#### [INPUT DATA]
○ ○ ○

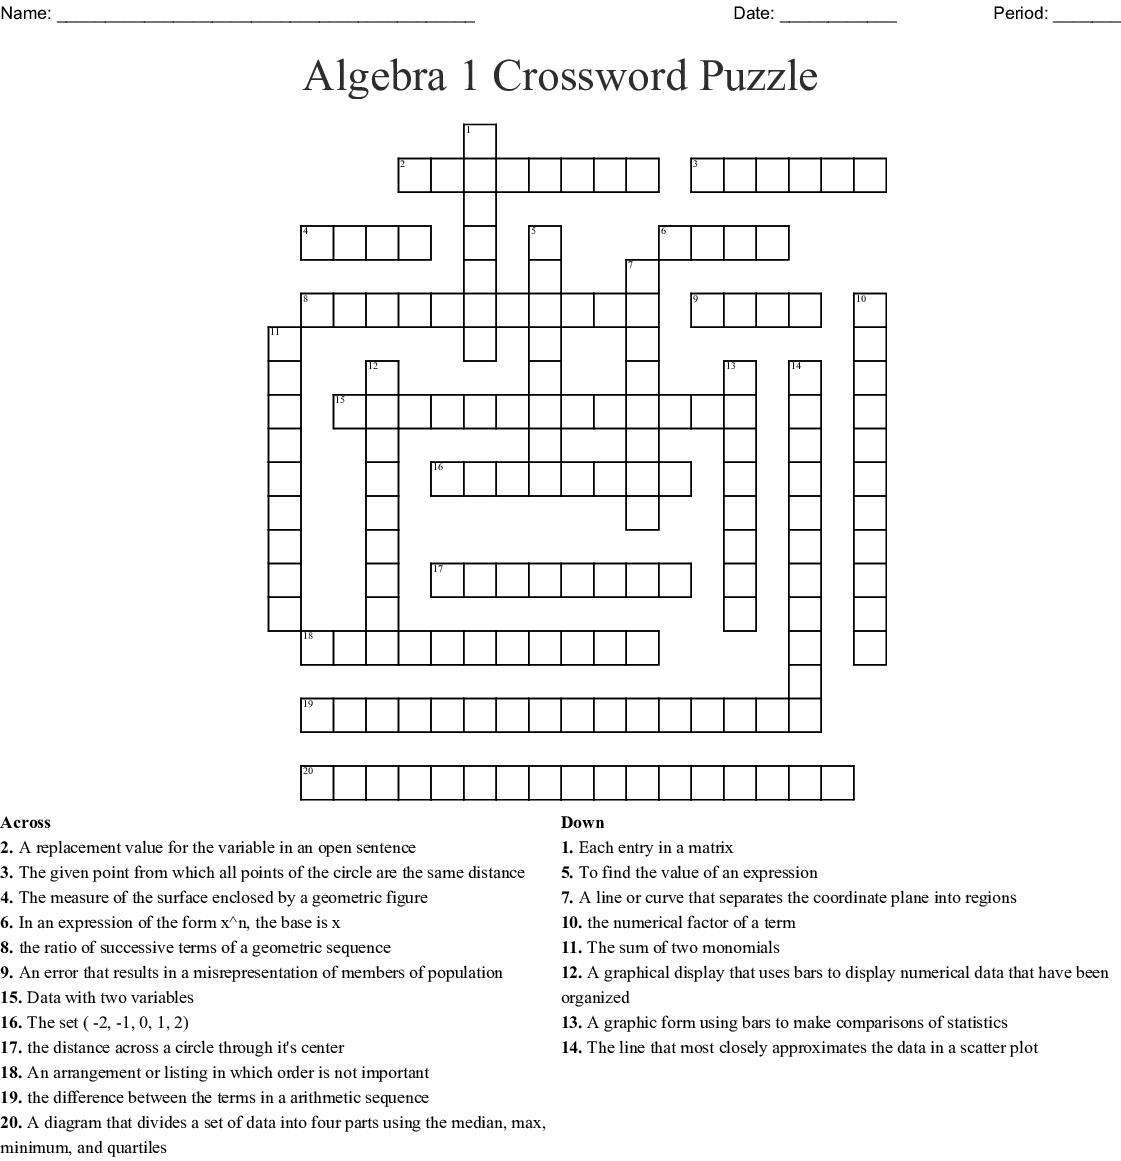 Algebra 1 Crossword Puzzle Crossword - Wordmint - Algebra Crossword Puzzle Printable
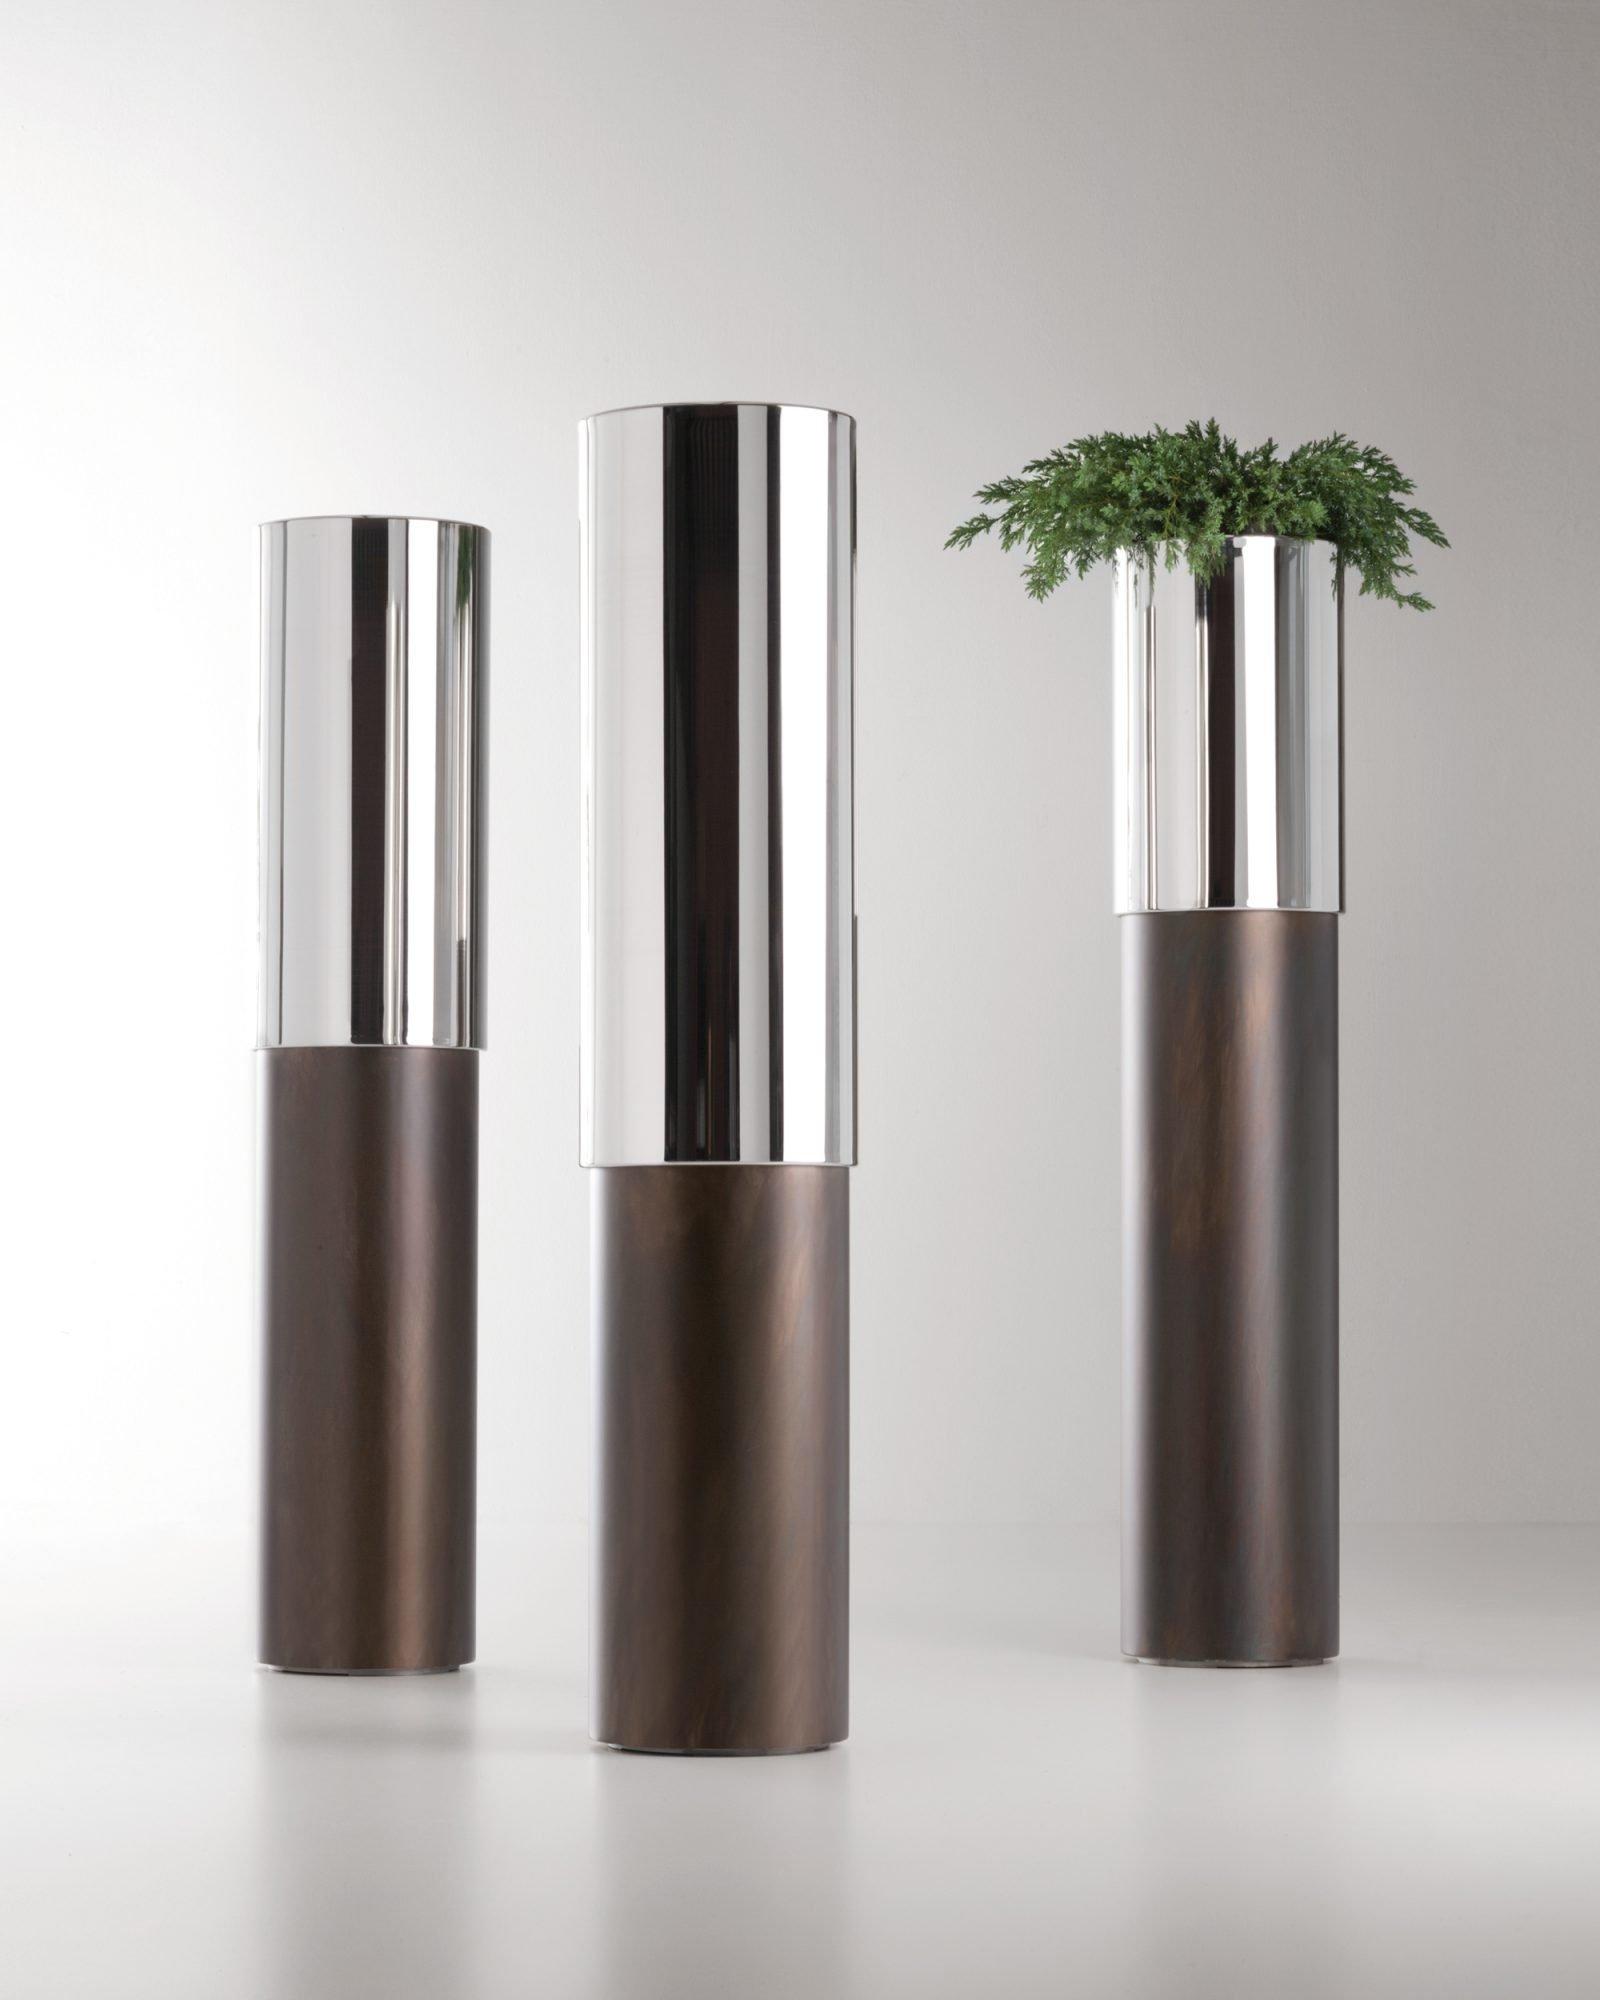 Phil Pot planter from De Castelli, designed by Johannes Klein
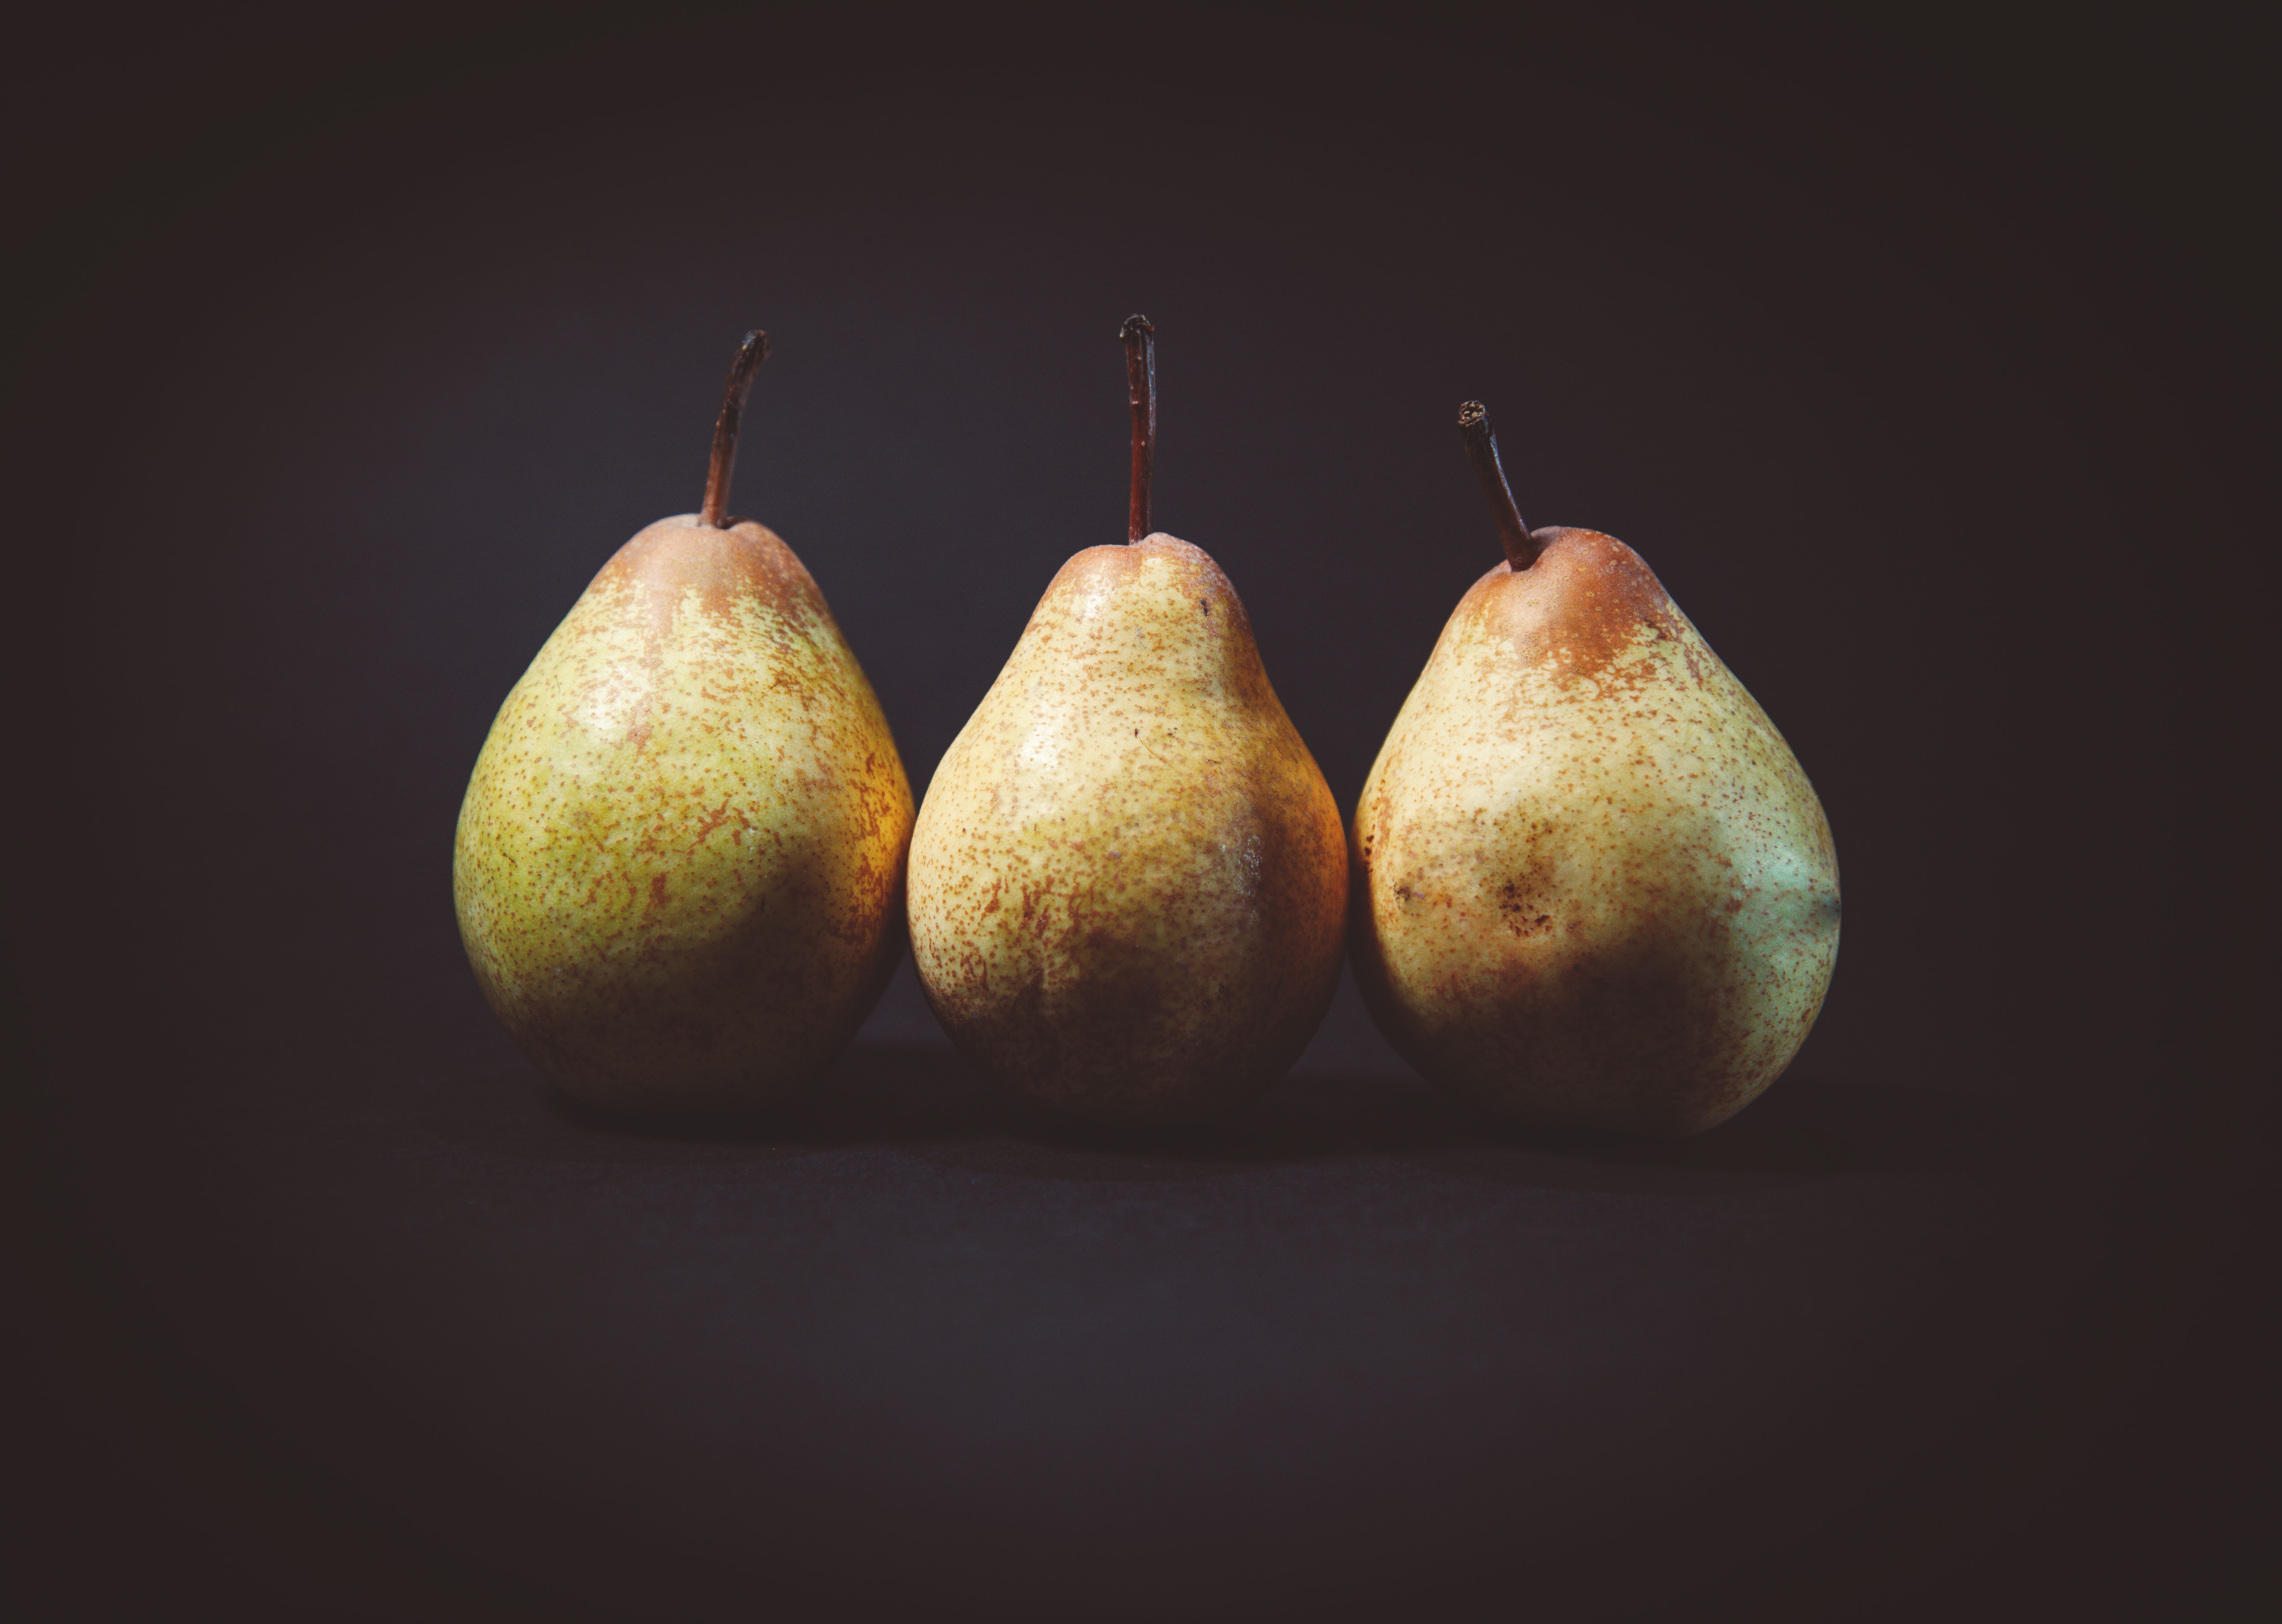 夢占いで梨が意味するサインは?梨が夢に出てきた夢の意味を解説

○ ○ ○

#### [TASK DIRECTIONS]
Could you reproduce the data above exactly, without its pictures?

#### [ANSWER TO THIS EXERCISE]
 Algebra 1 Crossword Puzzle Crossword - Wordmint - Algebra Crossword Puzzle Printable
 Phil Pot planter from De Castelli, designed by Johannes Klein
 夢占いで梨が意味するサインは?梨が夢に出てきた夢の意味を解説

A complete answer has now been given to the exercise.